Aureliano, meu irmão mais velho, reconhecidamente o melhor cérebro da família, ao falar da avenida Jacinto Sá e das pessoas que ali moraram, costuma - com uma propriedade incomum - denominar a nossa rua, como avenida Nações Unidas, já que ali habitavam e exerciam as mais variadas atividades homens e mulheres das mais variadas nacionalidades, com respeito, amizade e harmonia. Tínhamos a família Herzenian, de origem Armênia, com suas belas mulheres. A colônia sirio/libaneza (?) representada pelas famílias Abujanra, de diferentes matizes. Tanaka, Fujii. Maeda, Shinohara. Suzuki, famílias japonesas que se tornaram brasileiros, sim senhor ! Os Migliaris, Ferraris, Moias e Tolotos, italianos de origem, cada um a seu modo, conviviam em verdadeira comunidade. O senhor Manoel de Oliveira, grande amigo do meu pai, Joaquim Luiz da Costa, em cujo imóvel moramos por anos na condição de inquilinos, representavam o nosso querido Portugal. Ainda tinha o senhor Miguel, húngaro de nascimento, morava sozinho e construia brinquedos em madeira, fabricou a minha caixa de engraxate - igual a do Pelé, podem acreditar !

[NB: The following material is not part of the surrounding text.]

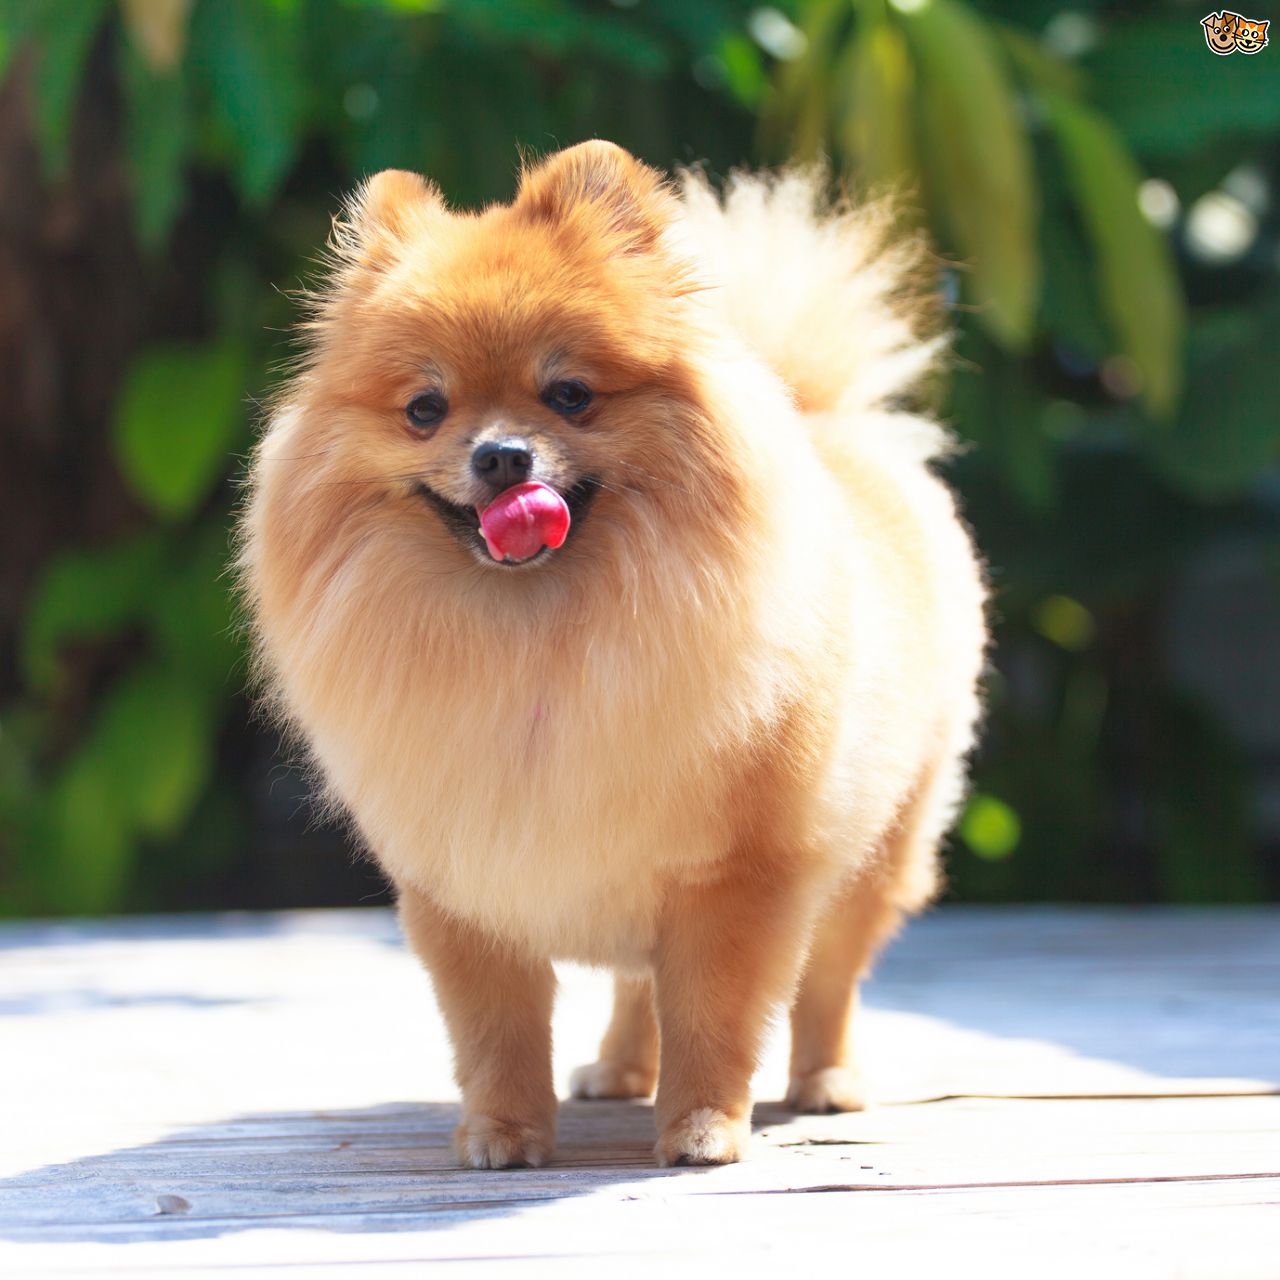 Cute Pomeranian Dog Picture

Logicamente, com o passar dos anos os prédios comerciais e residenciais ali existentes desde as primeiras décadas do século passado, tornaram-se obsoletos e foram se degradando. Mas, deparar com a avenida Jacinto Sá e as áreas adjacentes ocupadas com imensos galpões industriais, ou simplesmente exibindo terrenos de grande valor econômico e social, totalmente ociosos ou, simplesmente servindo - como suas vias - de estacionamento para caminhões a serviço de um grupo industrial, causa indignação, para dizer o mínimo. Isso por se tratar de área privilegiada, localizada na primeira rua urbanizada da cidade, a poucos metros do centro bancário e comercial, relegada a simples reserva imobilizada, cujo titular dela dispõe como propriedade privada, sem qualquer intervenção do poder público municipal ou contrariedade das lideranças locais. Constitucionalmente, seria oportuno indagar:- Qual a função social daqueles terrenos ?

Igualmente bem localizadas e passíveis de uma melhor destinação, deparamos com as instalações das ferrovias, páteos de manobras e construções - algumas já ocupadas e muito bem utilizadas - e as áreas dos grandes armazéns. O poder público, em suas diferentes esferas, poderia induzir - com algum incentivo - a iniciativa privada dar destino mais conveniente e de interesse econômico / social para as áreas degradas ou em processo de subutilização em nossa cidade.

Na forma de saudade, procurei reproduzir uma realidade que me intriga. Cabe agora às lideranças municipais voltarem-se para o problema e no espaço que lhes permite a sensibilidade e ousadia encaminhar o assunto para discussão, ficando a solução para mais adiante.